Szanowni Państwo!

…i znów świętujemy osobno. W każdym razie nasi politycy.

Oto 30. rocznica wyborów z roku 1989 – bez wątpienia jednego z najważniejszych wydarzeń społecznych i politycznych w historii Polski – upływa w cieniu najbardziej bieżącej polityki. Liderzy partii rządzącej nie pojawią się na uroczystościach w Gdańsku. Zamiast tego, na zaproszenie – o ironio – „Solidarności” pojawią się w gdańskiej stoczni dzień wcześniej. Wezmą tam udział w konferencji naukowej z okazji… 40. rocznicy pierwszej pielgrzymki Jana Pawła II do Polski, czym zapewne zaskarbią sobie sympatię swoich najbardziej zagorzałych zwolenników.

Z kolei zwolennicy partii opozycyjnych po przegranych wyborach do Parlamentu Europejskiego zastanawiają się, czy podczas uroczystości rocznicowych pojawi się informacja o nowych planach politycznych Donalda Tuska, czy też – jak donosi tygodnik „Wprost” – przygotowany przez byłego premiera „plan polityczny, by wrócić jako lider opozycji, legł właśnie w gruzach”.

Wszystko to mogłoby wydawać się zaskakujące, gdyby nie fakt, że dokładnie to samo przeżywaliśmy kilka miesięcy temu przy okazji setnej (!) rocznicy odzyskania niepodległości. Dość przypomnieć, że zaledwie na mniej niż tydzień przed 11 listopada nie było wiadomo, gdzie i w jakim charakterze pojawiają się przedstawiciele najwyższych władz państwowych. Ostatecznie pojawili się na marszu niepodległości organizowanym od lat przez Młodzież Wszechpolską i inne środowiska narodowe. O wspólnym świętowaniu bez względu na barwy partyjne nie było w tej sytuacji mowy.

Ale to nie jest największy problem. Gorzej, że po całym roku obchodów trudno wskazać jakąkolwiek realną i względnie trwałą ich pozostałość. Nie było wielkiej politycznej debaty na ważny dziś temat. Nie padły żadne godne zapamiętania słowa ze strony ważnych dla Polaków instytucji – nie tylko politycznych, ale też społecznych czy religijnych. Nie stworzono też żadnego trwałego pomnika obchodów – bynajmniej nie tradycyjnego, ale w postaci jakiejś akcji społecznej czy projektu infrastrukturalnego. W przypadku 4 czerwca, choć na uroczystości wydano niemało, będzie zapewne podobnie.
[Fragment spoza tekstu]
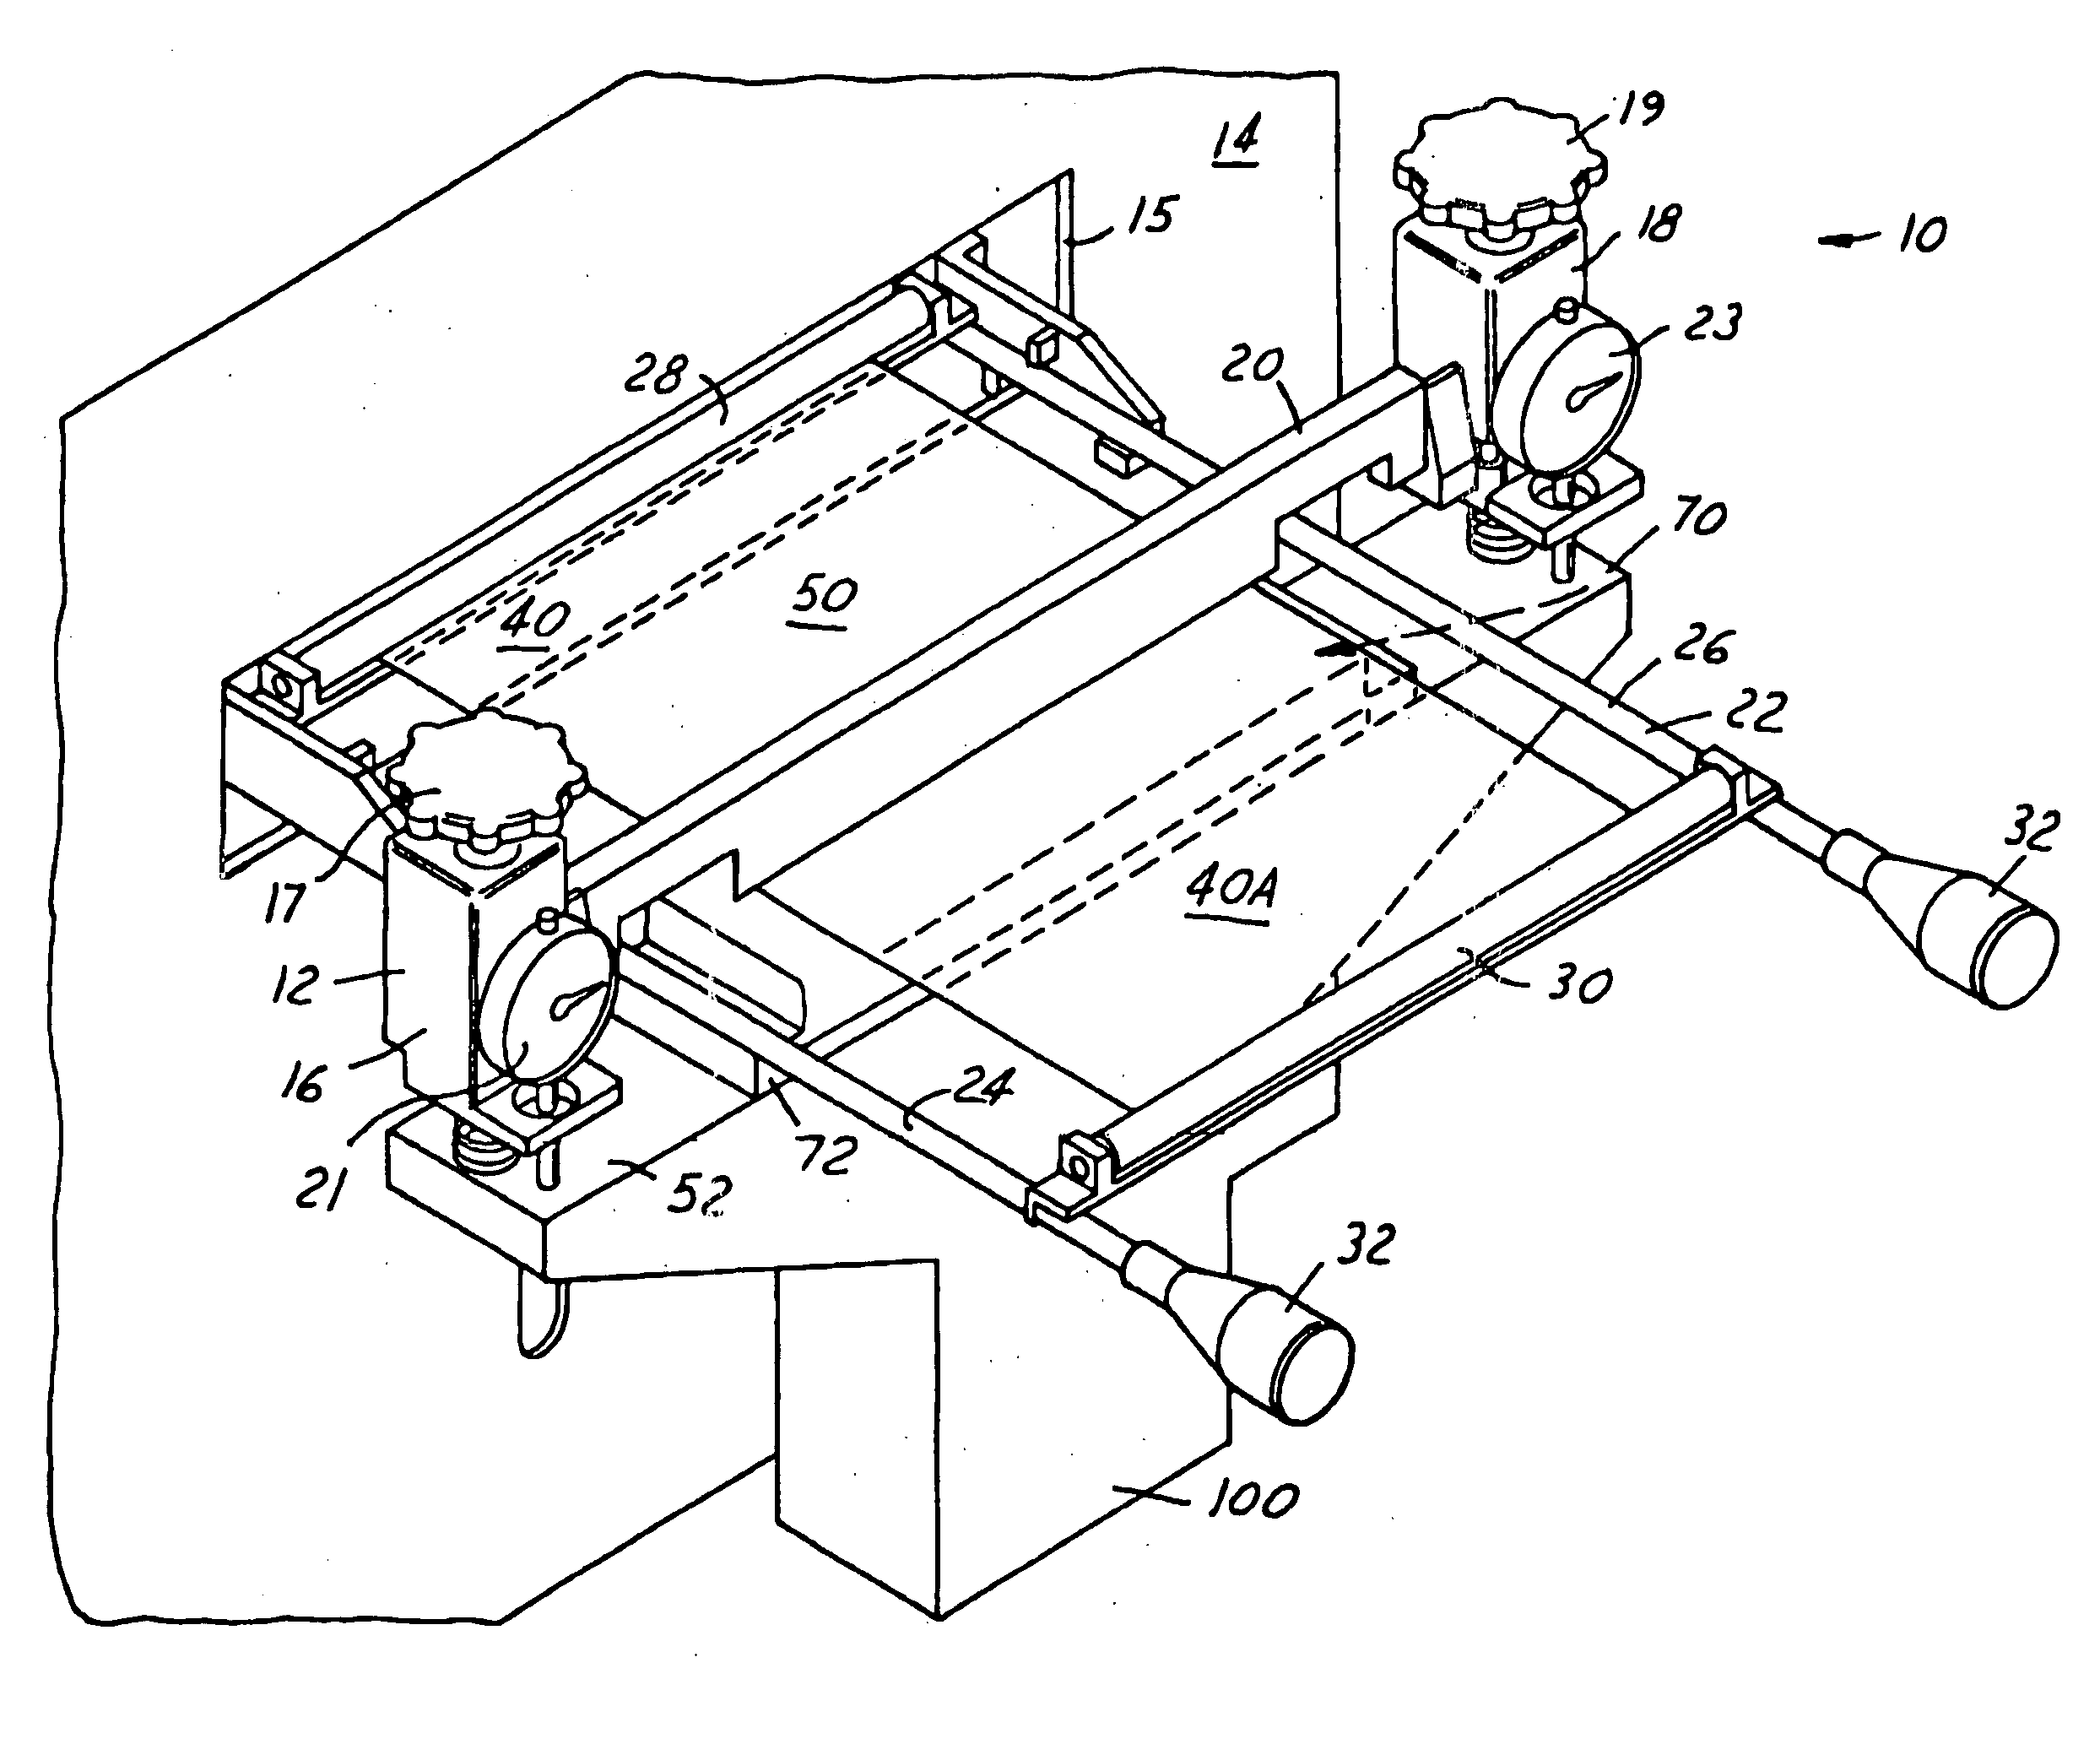 Method and apparatus for producing a uniform film on a substrate

To z jednej strony bardzo smutne. Sami bowiem podważamy opowieść, w którą chcemy wierzyć i do której chcielibyśmy przekonać innych wokół nas: opowieść o Polsce jako pierwszej kostce domina, która przewróciła kolejne – od Niemiec, przez Czechosłowację i Węgry, po Bułgarię i Rumunię. Oto jeden z wielu paradoksów targających dziś polską polityką: obóz rządzący, który ma na sztandarach walkę o dobre imię kraju, przekonuje, że Polska nie tylko 30 lat temu nie zaczęła procesu obalania komunizmu, ale że przez kolejne 30 lat sama nie potrafiła się spod wpływów „postkomunizmu” wyzwolić.
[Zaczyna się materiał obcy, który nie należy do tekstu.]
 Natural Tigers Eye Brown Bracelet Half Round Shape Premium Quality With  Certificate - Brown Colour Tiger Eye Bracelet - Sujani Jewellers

Kolejny paradoks polega na tym, że za rządów ugrupowania, które wielką wagę przywiązuje do historii, polskie społeczeństwo jest coraz bardziej z historii wypłukiwane. Skoro bowiem nie potrafimy znaleźć formuły obchodów święta niepodległości, skoro mamy problem z obchodami święta odzyskania niezależności, skoro – jak zapewne przekonamy się za kilka miesięcy – nie potrafią nas połączyć obchody 80. rocznicy wybuchu II wojny światowej, to na jakich wydarzeniach historycznych ma się opierać budowanie tożsamości młodych Polaków?

Wygląda na to, że – choć to XX wiek najmocniej odciska się na naszej tożsamości – nadal najbardziej będzie nas łączyć pamięć o… bitwie pod Grunwaldem, hołdzie pruskim czy powstaniu listopadowym.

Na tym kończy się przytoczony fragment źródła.